Their fourth year started in September.

The brunette was hunched by their bus stop, clutching his school pack and staring at the sludgy ground. His lip was curved down in a miserable line. Where was Ivan? He said he’d be there by 6:48. It was 6:55. Would he ever come?

“Toris!” He turned in the direction of the call and relief spread across his face. “Ivan,” he sighed. “I thought you wouldn’t show!”

“You worry like the oldest man I know!” The blonde moaned, removing his scarf and stuffing it into his bag. “Mother wouldn’t leave me alone. She kept telling me to put on warmer clothes! I had to change 3 whole times.”

Toris nodded, leg kicking in the snow like it always did. “Are you excited about school?” Ivan asked, taking out a yo-yo and twisting it around his fingers. Toris shrugged.

“Well,” he started, looking down at his hands. He rubbed his cheek absently, remembering the sting of the slap that morning. “Papa said I should stop being nervous and just face it already.”

“Are you nervous?” Ivan asked, instead.

“A little," he replied, watching the string spin around Ivan's fingers.

“Well, you shouldn’t be. Even if we don’t have the same teacher, I’ll see you at recess," Ivan, noticing Toris' stare from the corner of his eyes, attempted a cool trick he had just learned the day before. "I won’t let anybody hurt you. We’re friends, you know. Even if you’re a sissy.”

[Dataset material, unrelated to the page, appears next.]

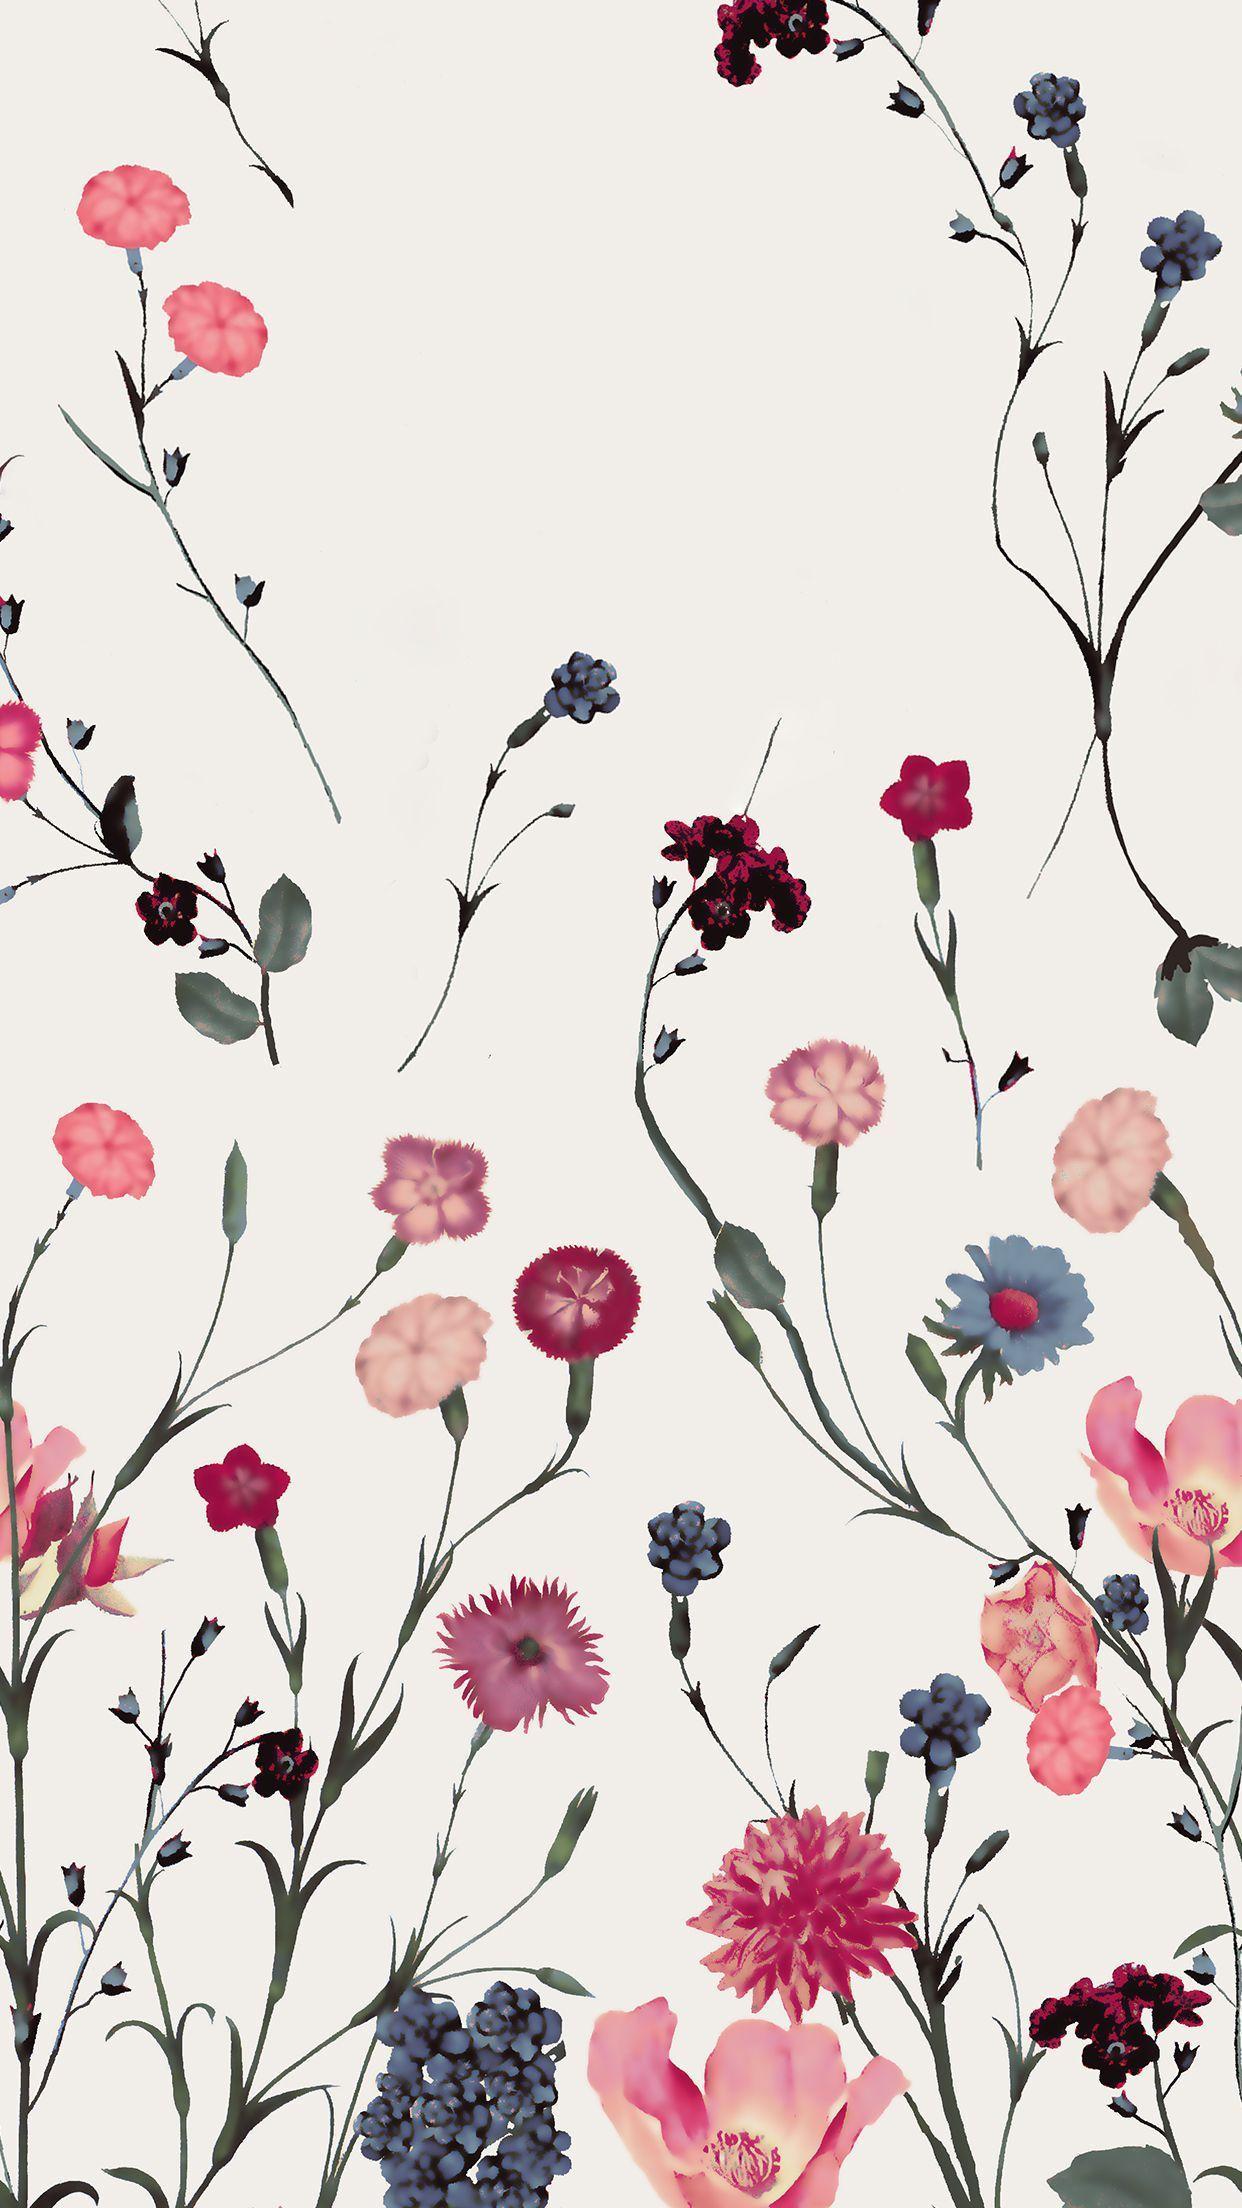 Vintage Floral Iphone Wallpapers Top Free Vintage Floral Iphone Backgrounds Wallpaperaccess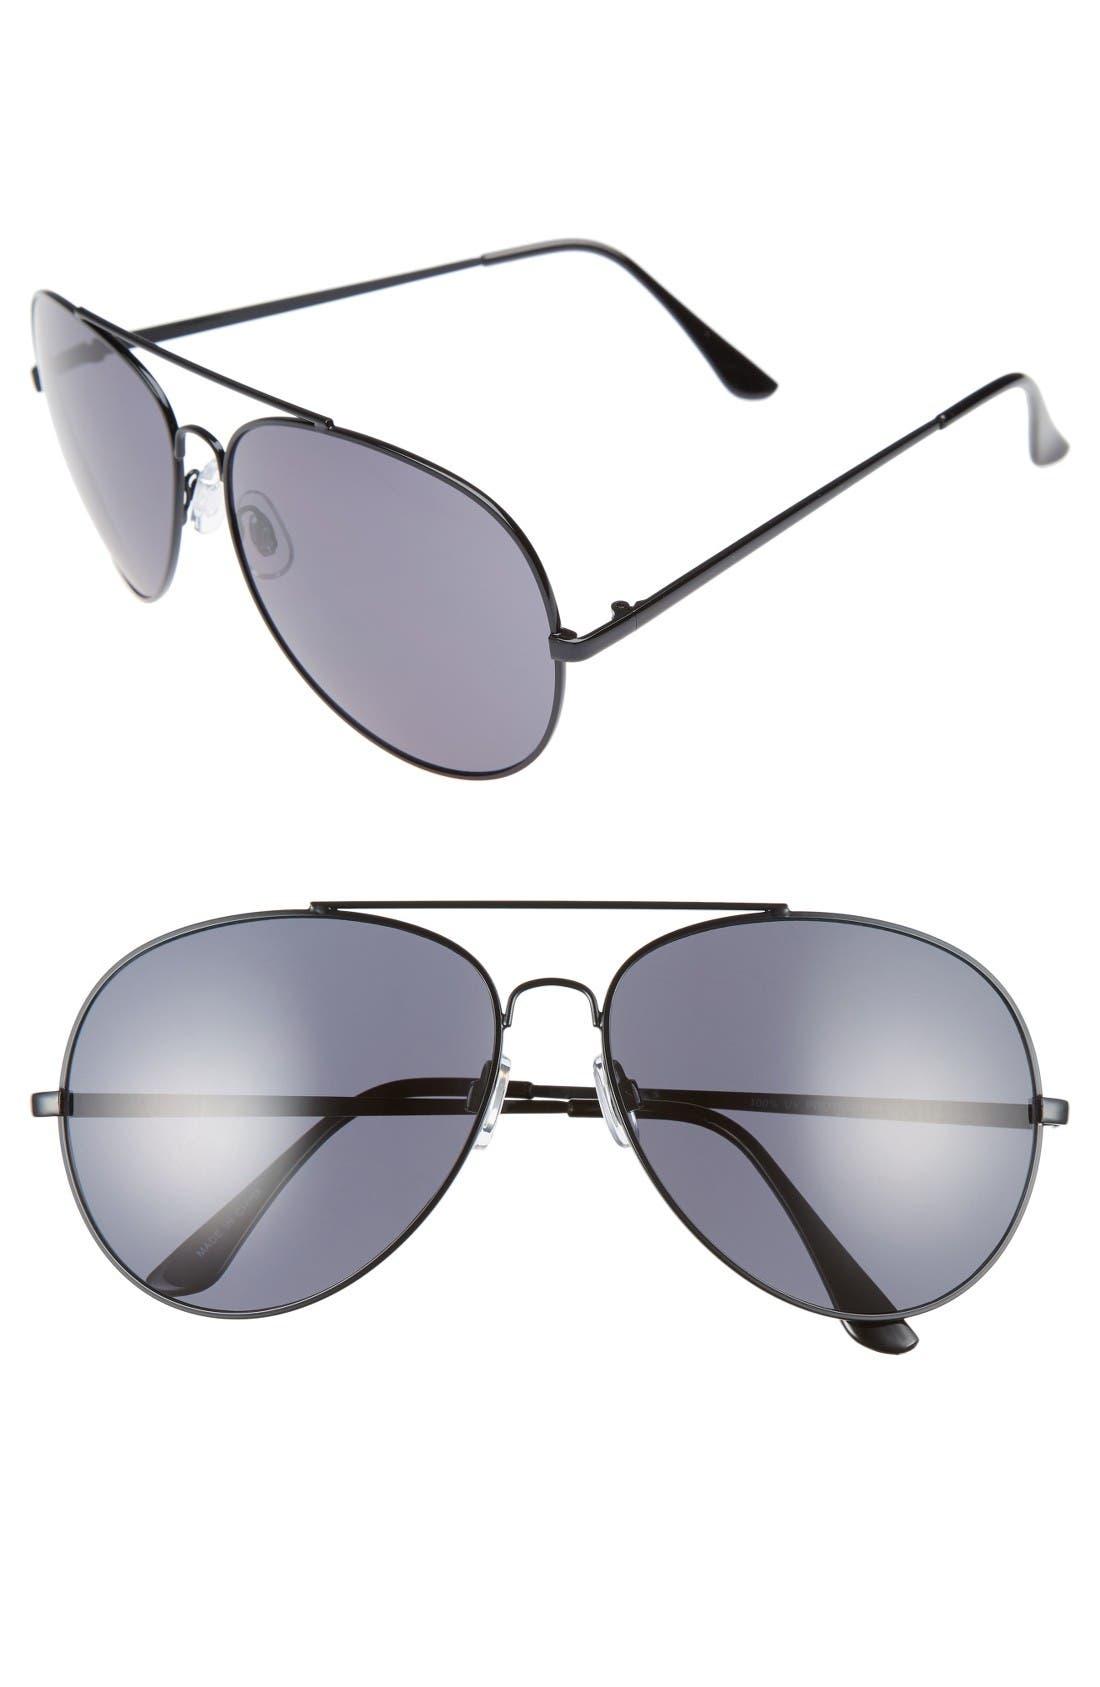 Alternate Image 1 Selected - BP. 65mm Oversize Aviator Sunglasses

“Friends?” The brunette asked, looking up from the toy.

“Stop repeating my words! Are you trying to secretly brag about your pronunciation?”

“Not at a-ll,” Toris dragged out after a moment's pause, a coy smile bursting upon his face. Ivan pushed his arm and shook his head.

“Go suck off your father!” He joked, walking onto the bus that stopped in front of them a couple of seconds later. They sat next to each other.

  
There was a knock on the door. Toris grumbled and turned over in his bed. He might've gotten up to check during the daytime, but since his alarm clock read close to 1 am he didn't think much of it. It was probably one of his dad’s girlfriends, he thought, irritated. He closed his eyes again.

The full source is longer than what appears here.